Le disuguaglianze economiche, oltre ad essere una delle principali cause della lunga crisi, sembra ne siano anche la conseguenza. Perché?
«La disuguaglianza è un problema perché la distribuzione ineguale del reddito vuol dire distribuzione ineguale del potere d’acquisto e quindi indebolimento dell’economia perché calano i consumi dei ceti medio bassi che sono fondamentali. E poi è anche un problema sociale perché la tenuta stessa delle democrazie è a rischio quando aumenta il malcontento».
Che fare per invertire questa tendenza?
«Bisogna lottare contro elusione e evasione fiscale, soprattutto contro i grandi gruppi. Questo è un punto chiave. La questione numero uno è la questione fiscale su scala globale: 100 miliardi di elusione basterebbero a far sopravvivere 64 milioni di bambini che non hanno accesso alle cure sanitarie».
Ma la stiamo affrontando questa emergenza?
«Le istituzioni internazionali stanno cercando di fare qualcosa – penso alle cause contro Ryanair e Apple –; ci sono delle prime indicazioni. Io credo che si dovrebbero muovere anche le istituzioni locali per evitare che intervista i grossi gruppi evadano il fisco. E poi dovrebbero diffondersi sempre di più nei bilanci delle imprese non solo gli indicatori sull’ambiente e sul lavoro, ma anche quelli sul fisco».
Questo basterebbe a mettere un freno alle disuguaglianze?
«No, occorre che prevalgano politiche di riduzione delle disuguaglianze e di progressività fiscale.
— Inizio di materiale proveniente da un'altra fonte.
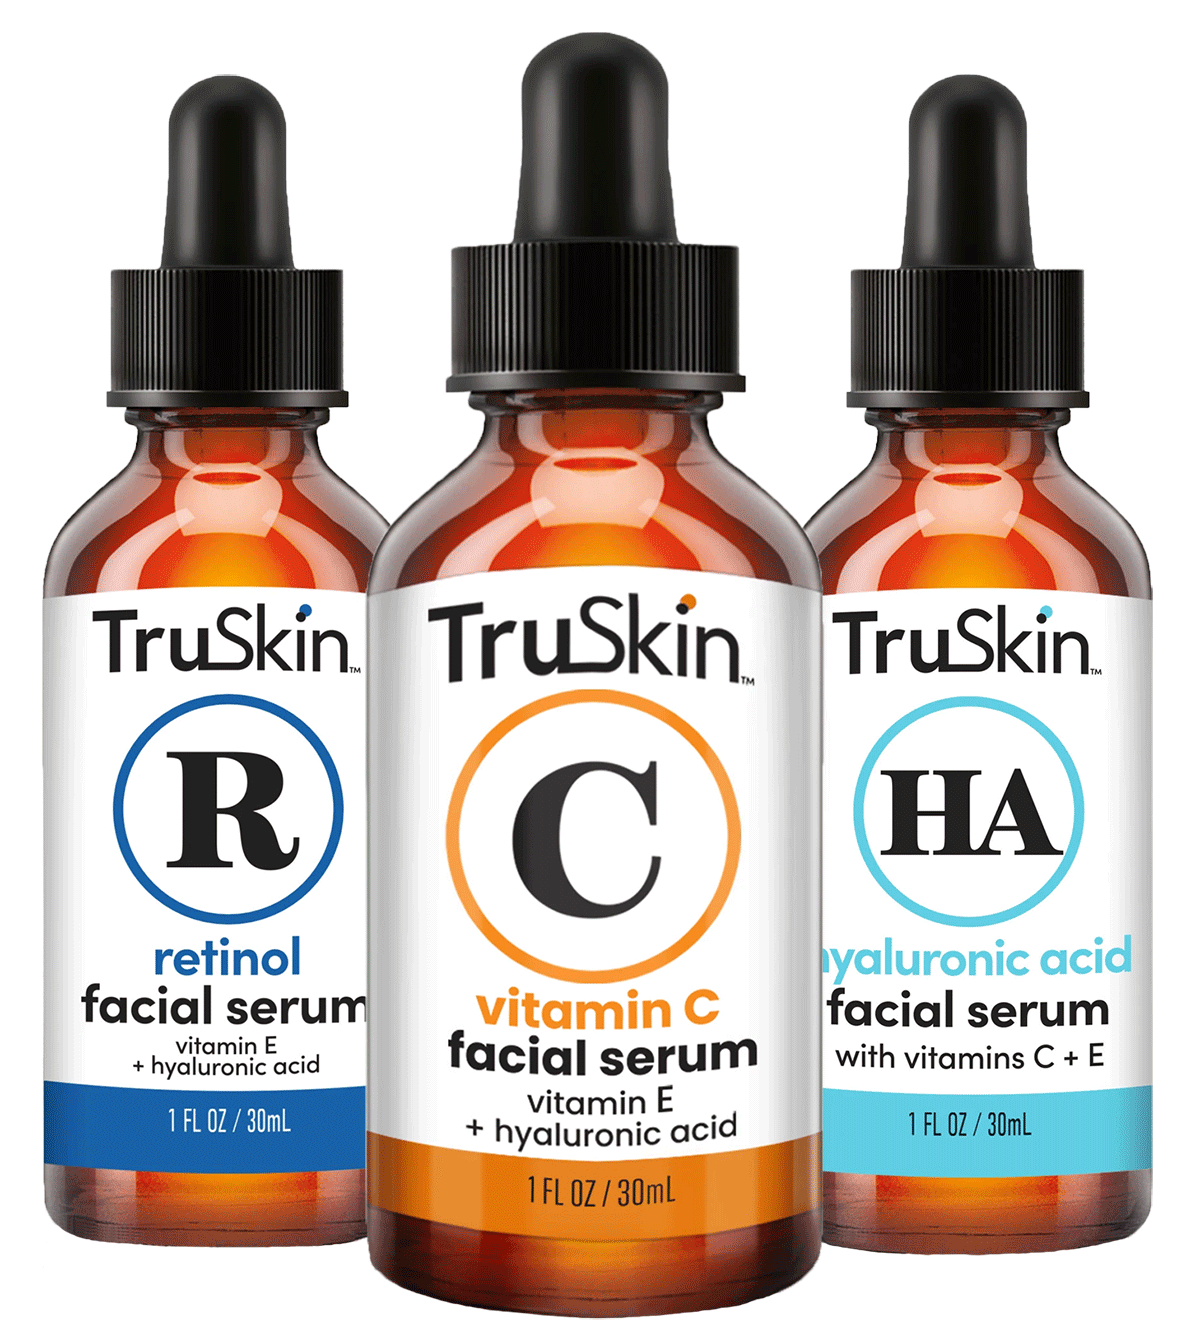 TruSkin Vitamin C, Retinol, and Hyaluronic Acid Facial Serum bottles

Il problema è anche culturale. Se prevale l’idea per cui la spesa pubblica è uno spreco e bisogna affamare lo stato...».
Quindi se ne esce con politiche fiscali rigorose e con politiche di investimenti pubblici?
«Assolutamente sì. Che per noi sono politiche di tipo europeo a partire dalla battaglia contro l’austerità e a favore della mutualizzazione di rischi e debiti».
Il suo recente libro sulla povertà tocca quella che è l’estrema conseguenza delle disuguaglianze.
«Sì, il problema dell’Italia è che abbiamo una quota di persone sotto la povertà assoluta che è aumentato da 1 milione a 4 milioni e mezzo di persone. La mia idea è che, in una società dove la creazione-distruzione dei posti di lavoro è molto frequente ed è grande la mobilità, noi abbiamo bisogno di una rete di protezione universale. E questo significa reddito minimo e sostegno all’inclusione attiva. Bisogna arrivare prima possibile a mettere sul piatto quei 7 miliardi che servono a strappare quei 4 milioni di persone dalla loro condizione di povertà assoluta».